Sunday, July 6, 2008

Viewer vs Participant

When I heard our paper assignment was to visit the DeYoung or Legion of Honor museums and write about the pieces in the collections, I was fairly pleased. I love museums and have been looking for an opportunity to explore SF's fine art museums since moving here about a year ago. So, needless to say, I was excited when I walked in the doors of the Legion of Honor Tuesday morning.

The first thought the came to mind once the excitement had died down was the relative size of the museum. I don't know if was because I had built this up to be some big thing in my mind, or if it was because one of the last museums I went to was the Met in NYC--but, the Legion of Honor is tiny. Unless I somehow missed the secret rooftop gallery, out of the many museums I've frequented, I think the Legion of Honor is one of the smallest.

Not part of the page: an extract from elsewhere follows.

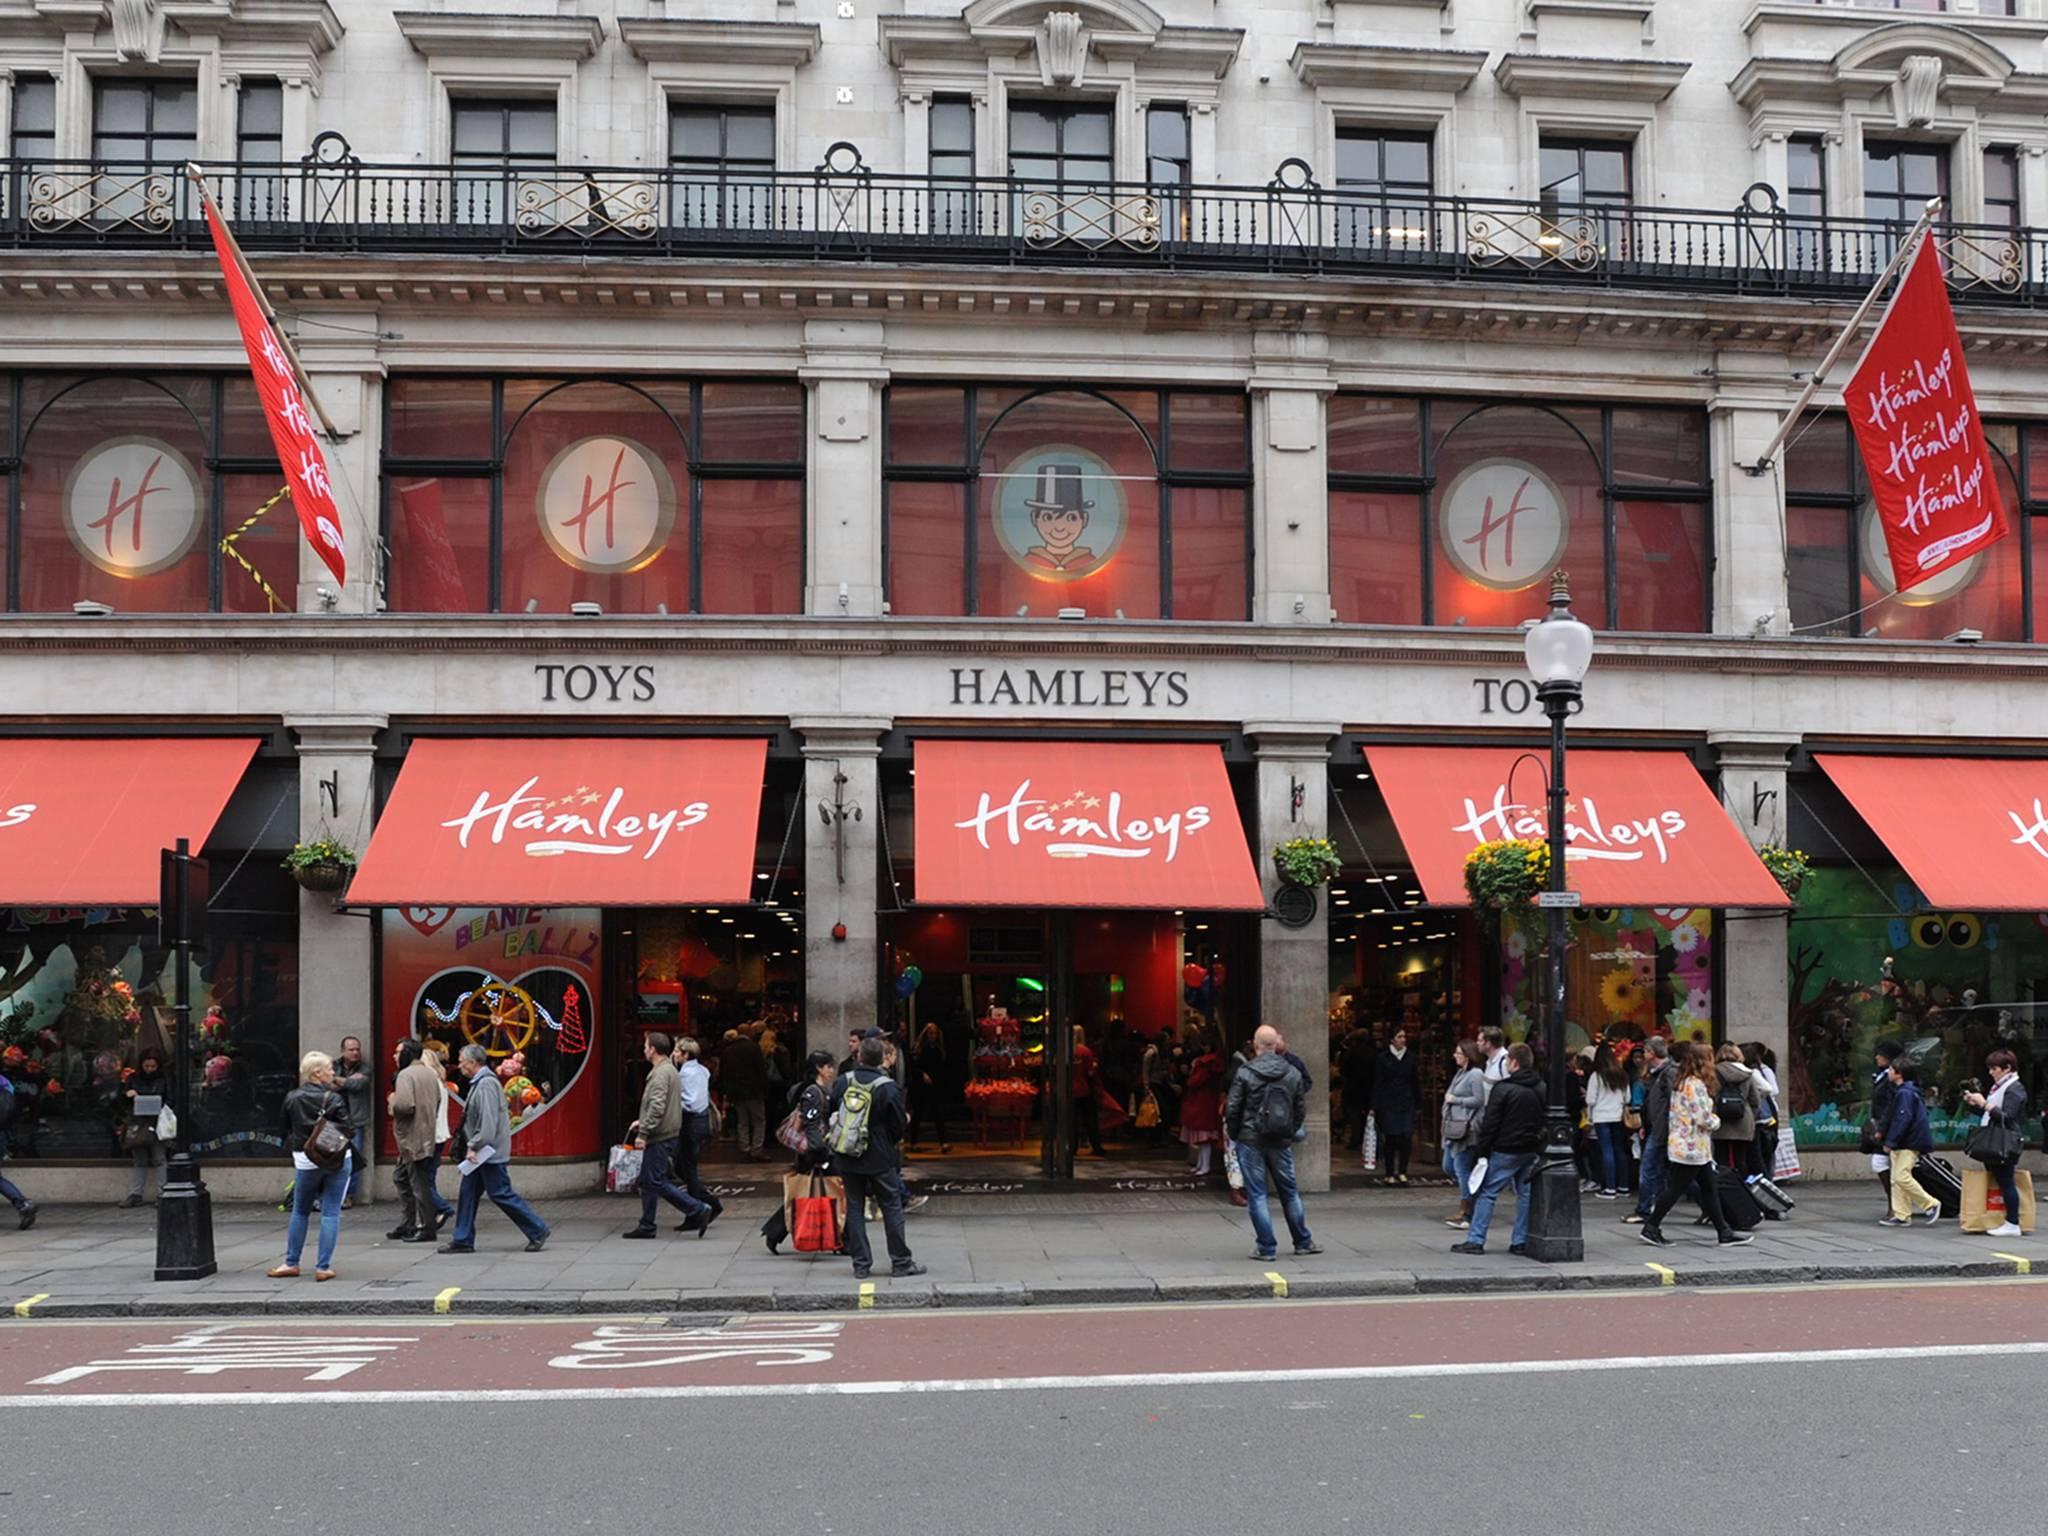 Hamleys Toy Store Regent Street, London

The second thing that caught my attention was the abundance of signs warning patrons to not touch the artwork. I realize such signs are present in every gallery, but for some reason, I seemed especially attuned to their presence this day. Round each corner I turned, beneath every work of sculpture, from the corner of my eye I would spy the ubiquitous plaques displaying over and over "please do not touch." And it got me to thinking about how the casual artgoer's relationship with the medium is mostly visual. We experience the world with all five of our senses; how are we to fully immerse ourselves in a work of art if we're forced to refrain from making use of three to four of them in our observation? Obviously, I understand the dangers of allowing people's five year olds to come up and rub their little gooey faces all over a 200 year old Goya, but there's something to be said for fully experiencing art, as opposed to just looking at it.

One of the most memorable exhibits where I've had the chance to immerse myself in the artwork was an installation piece at the Mass MoCA titled Corpus by Ann Hamilton. The piece was the entirety of a large, expansive room, the walls bare white and windows covered in pink translucent paper. Speakers shaped like megaphones dangled from the ceiling in two rows, lowering in and out, emitting a garbled, ethereal mix of sound. Following the speakers were pneumatic devices dropping onion paper from above at random intervals, each release marked by a quiet hissing sigh. The floor was littered with paper which had accumulated over the weeks since the installation's opening, crackling as visitors shuffle through the space and adding their presence to the aural landscape. This installation was not something you just viewed with your eyes, but an experience you partook in with your ears and skin and nose as well (and I'm sure you could probably taste the onion paper if you really wanted), and as such had an almost sacred quality to it.

In a work like Corpus you become a participant in the art, as opposed to simply a viewer. As mentioned in lecture, Delecroix stated that 'a piece of art should serve as a bridge between the spectator and the artist,' but I feel that can't be fully accomplished without experiencing the piece on more than just a visual level. You need to get your face right up to the canvas, feel the brush strokes, smell the paint, listen to your hands moving over the surface. Follow the patterns and pathways the artist described so many years ago. Only that kind of detailed survey of will bring you anywhere close to the mindset of the artist who created the piece. If I ever get the inclination to create art for the masses, I hope that's the kind of work I'll make--the kind where you can immerse yourself fully in the art, and take away a little piece of the artist with you.